▸ Problem statement:
Set down, please, exactly the lines below that run from the line with "Interior View Of" to the line with "2021 GMC Sierra", both lines included.

··· Exercise data ···

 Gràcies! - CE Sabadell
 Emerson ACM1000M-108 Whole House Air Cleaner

···
··· Exercise data ···

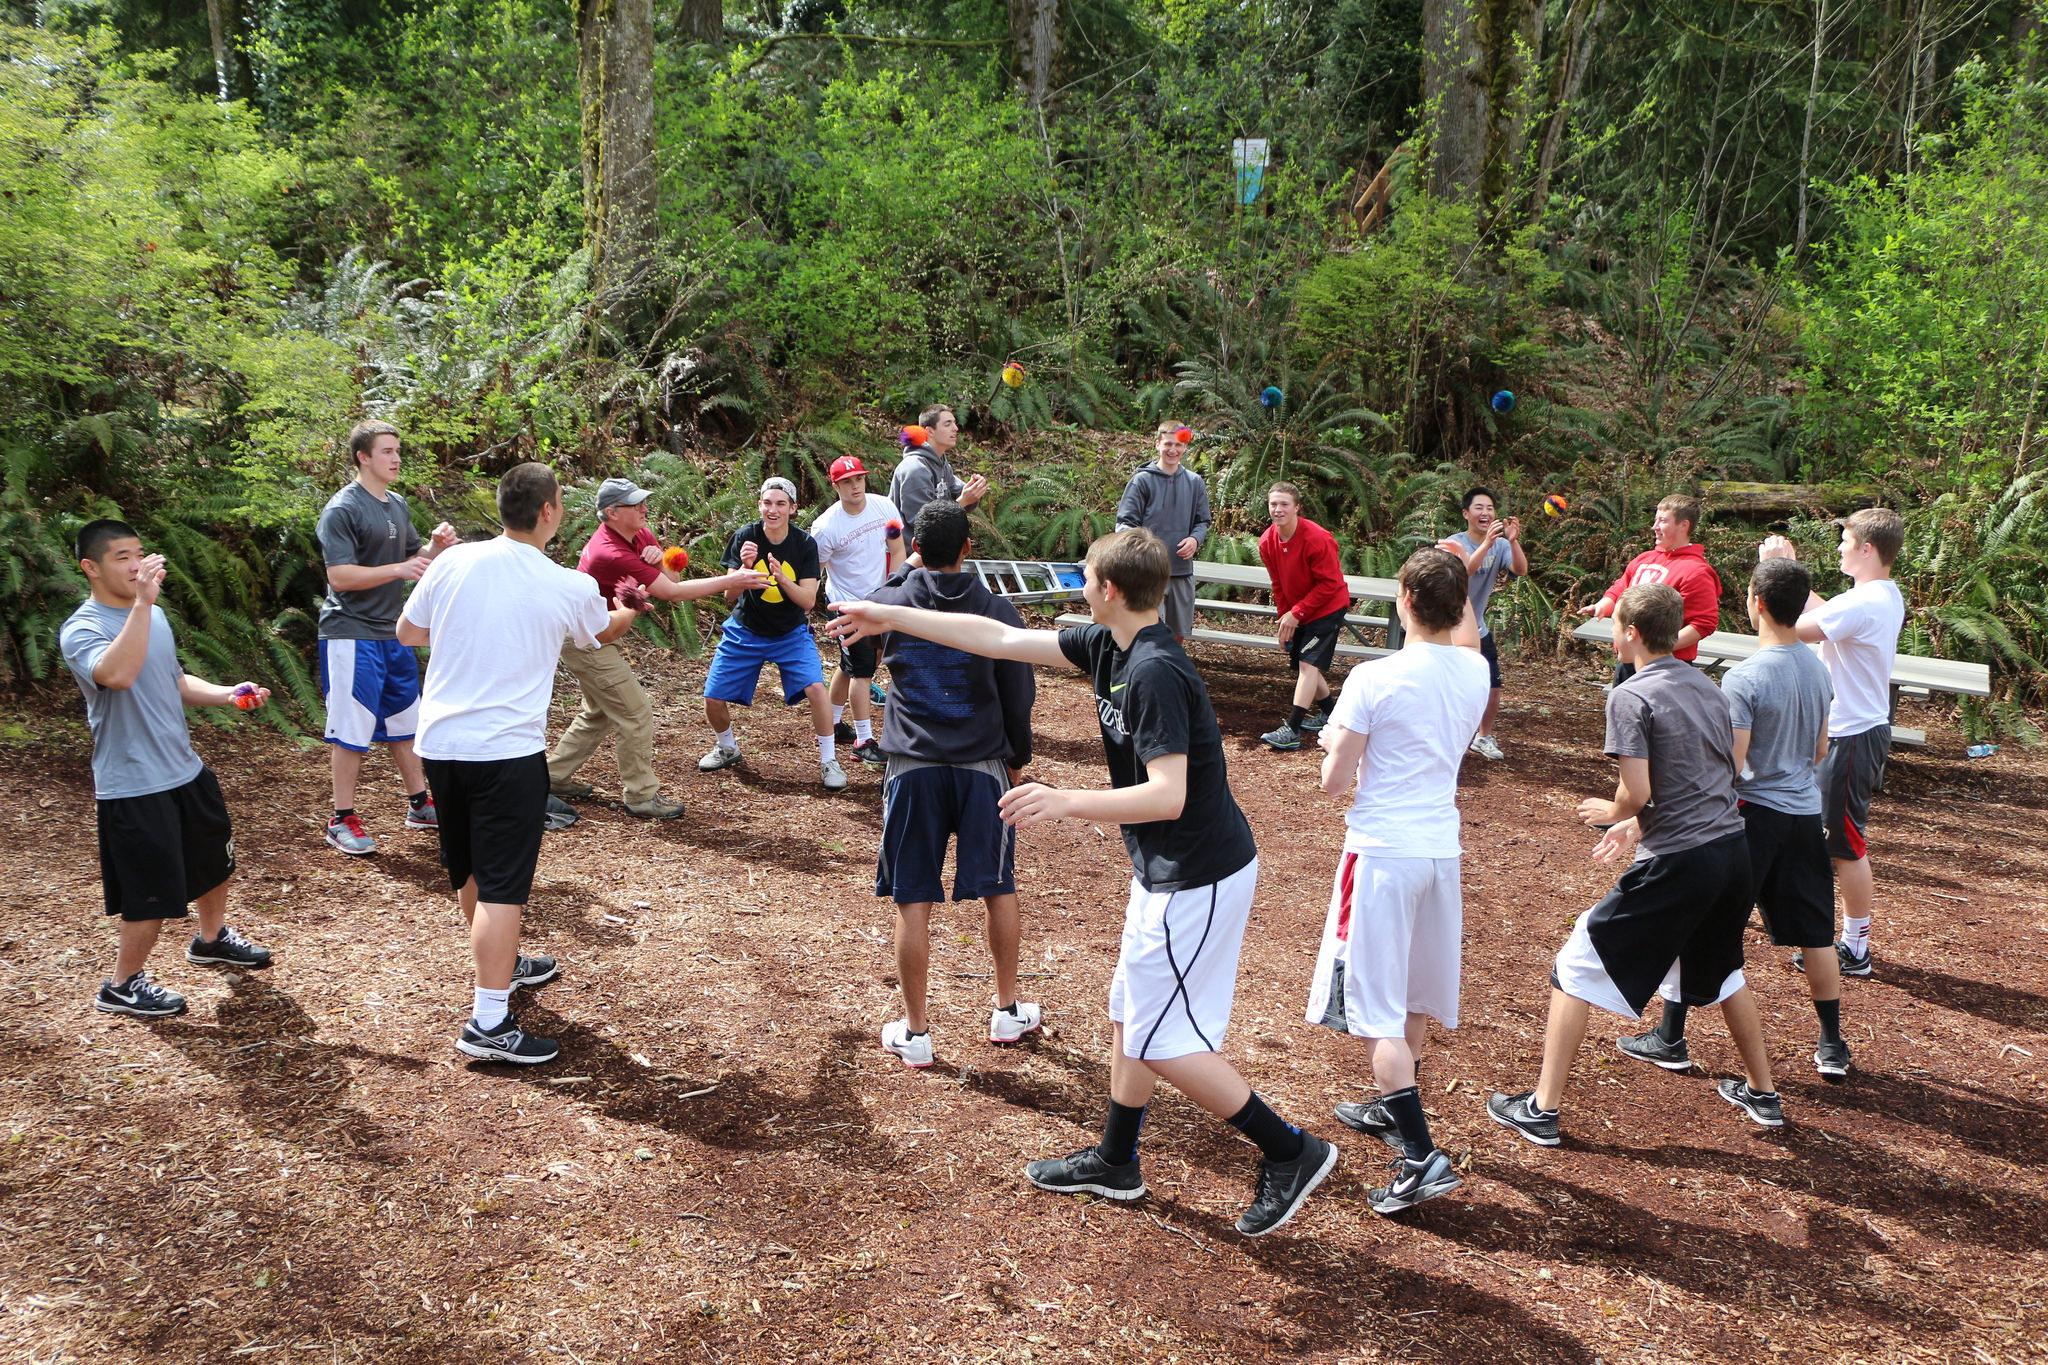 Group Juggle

···
··· Exercise data ···

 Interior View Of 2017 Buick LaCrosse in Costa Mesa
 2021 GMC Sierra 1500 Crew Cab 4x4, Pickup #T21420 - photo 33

···

▸ Result of the exercise:
 Interior View Of 2017 Buick LaCrosse in Costa Mesa
 2021 GMC Sierra 1500 Crew Cab 4x4, Pickup #T21420 - photo 33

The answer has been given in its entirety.